A trap. Sweetest Lord, the ground sprouted soldiers, and all around him people screamed, running this way and that like befuddled hens. A company of mounted dragoons came charging over a drier patch of ground, swords glinted in the sun, and the screaming that surrounded him intensified. Matthew grabbed hold of Sandy, boosted him over a boulder and vaulted over, landing with a curse in a thicket of brambles.
“We have to go,” he said, struggling to adjust the ridiculous fair hairpiece atop his head.
“Aye, I gather that, but which way, do you think?” Sandy sounded controlled, but his hands were shaking and his mouth kept on twitching as if he were a cornered rabbit – adequate, all in all, Matthew mused wryly.

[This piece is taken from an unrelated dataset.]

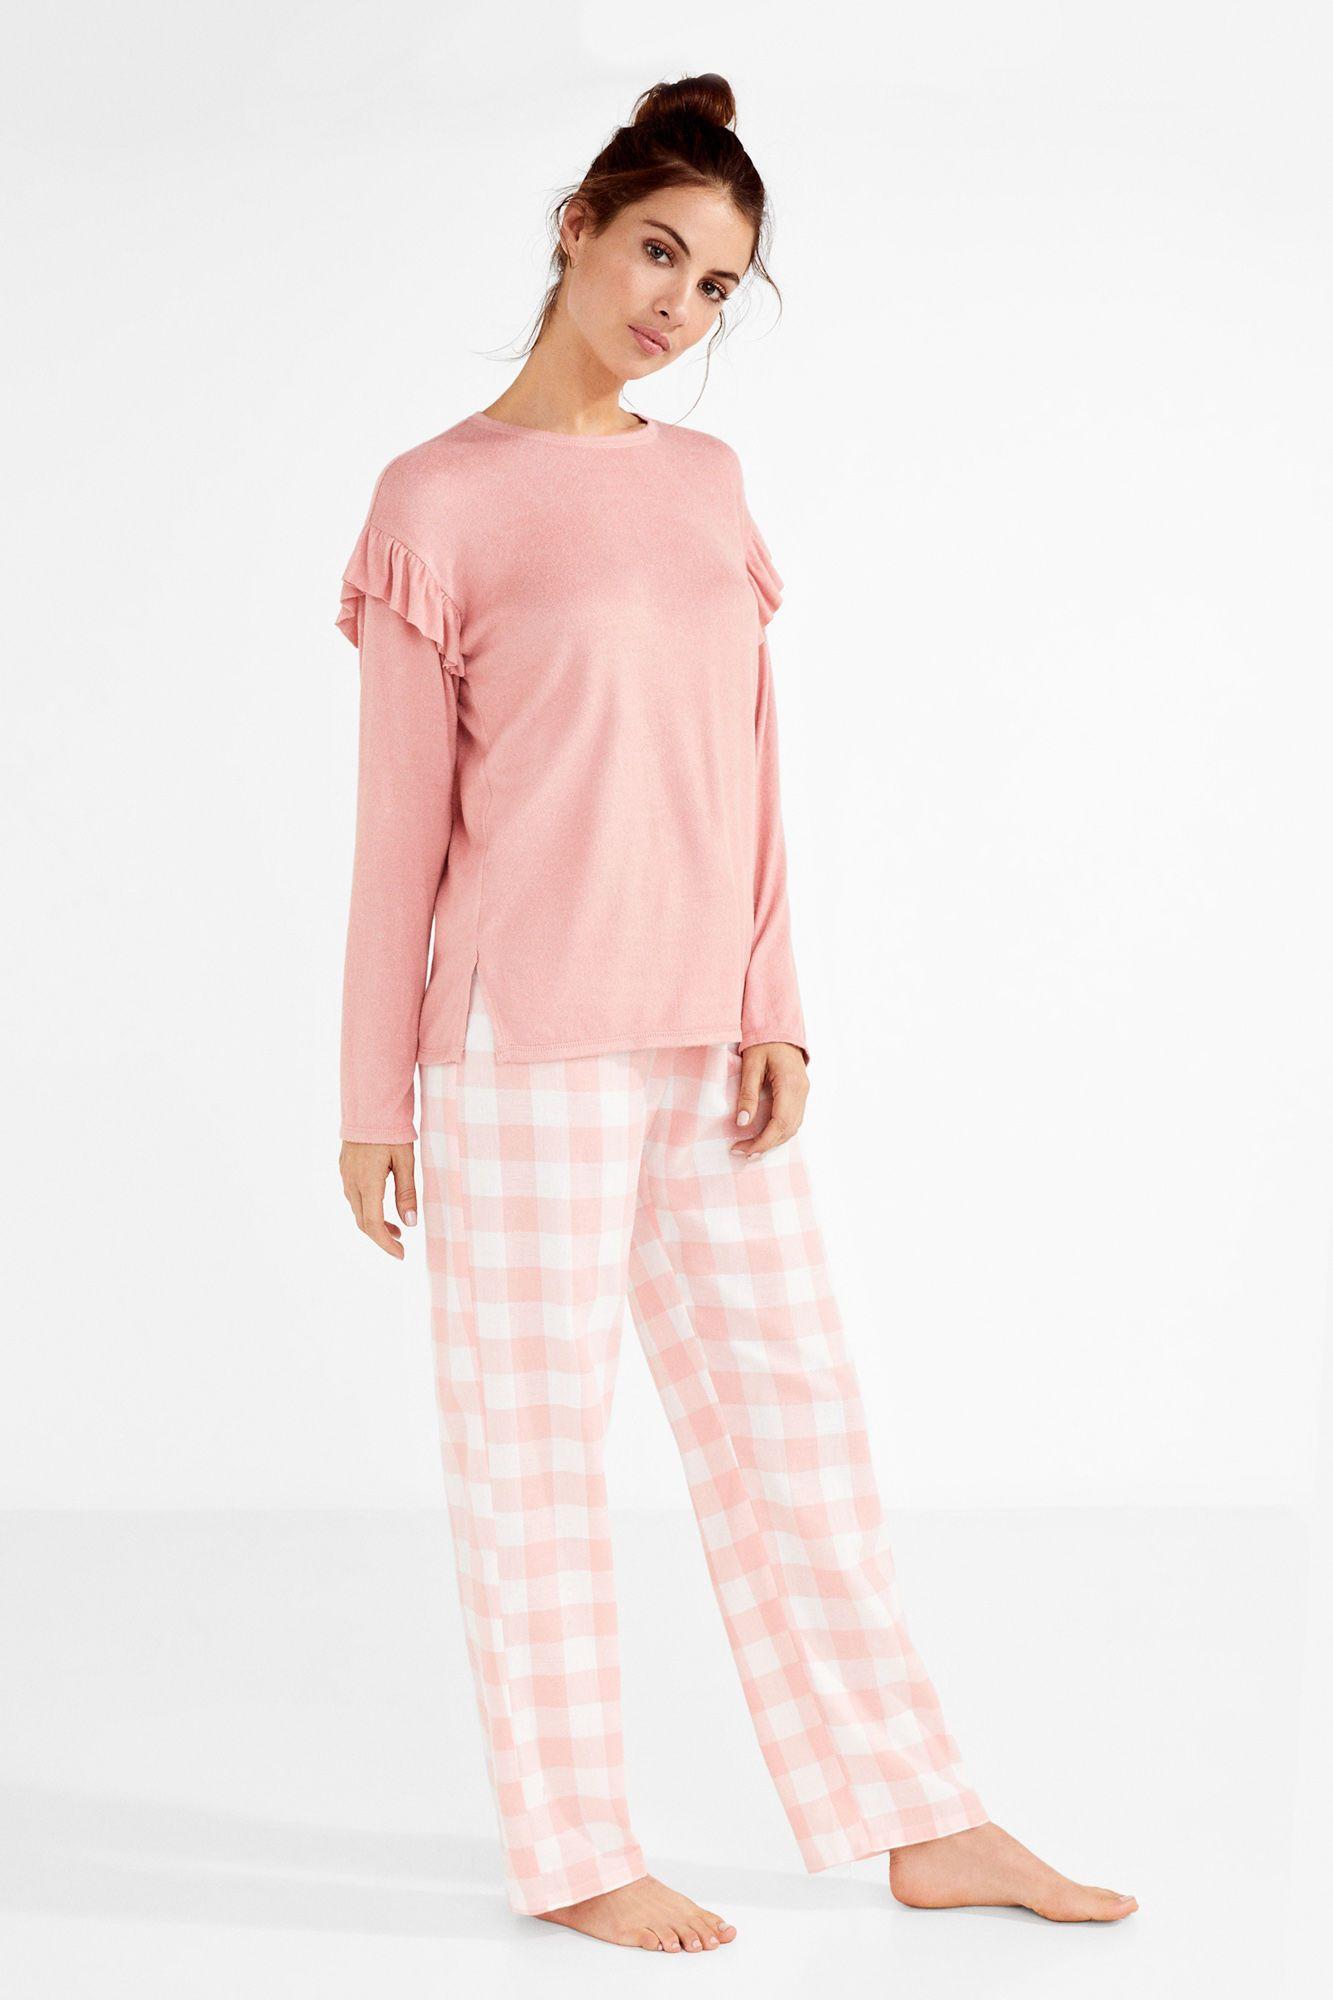 Ladies Pyjama Sets Embroidered Short Sleeve Crew Neck Plain Button Nightwear PJs

Matthew slid in under the brambles to better study the scene in front of him. The soldiers had formed a rough square and were closing in on the remnants of the meeting, swords raised. To the north, the line was straggly, and fleeing brethren and sisters rushed by the angry, shouting soldiers, making for the wetlands beyond. They could stay here, hoping that they wouldn’t be found, but when he saw the dogs Matthew decided that was not a good idea.
“This way,” Matthew said, and with Sandy’s hand in a firm grip he broke cover.
“It’s him! Peden!” There was a loud whistle from somewhere behind them, and the sound of booted feet, many feet, charging after them.
“Run!” Matthew extended his stride, dragging Sandy along. To his right, the soldiers were busy herding together a group of men. The soldiers to his left were too far away to be of any concern, and Matthew set his sights on a threesome of soldiers standing somewhat to the side. He brandished his sword, roared, and Sandy roared with him. The soldiers fell back, one of them tugged at his sword, another stumbled to his knees, and they were past, running deeper and deeper into the moor.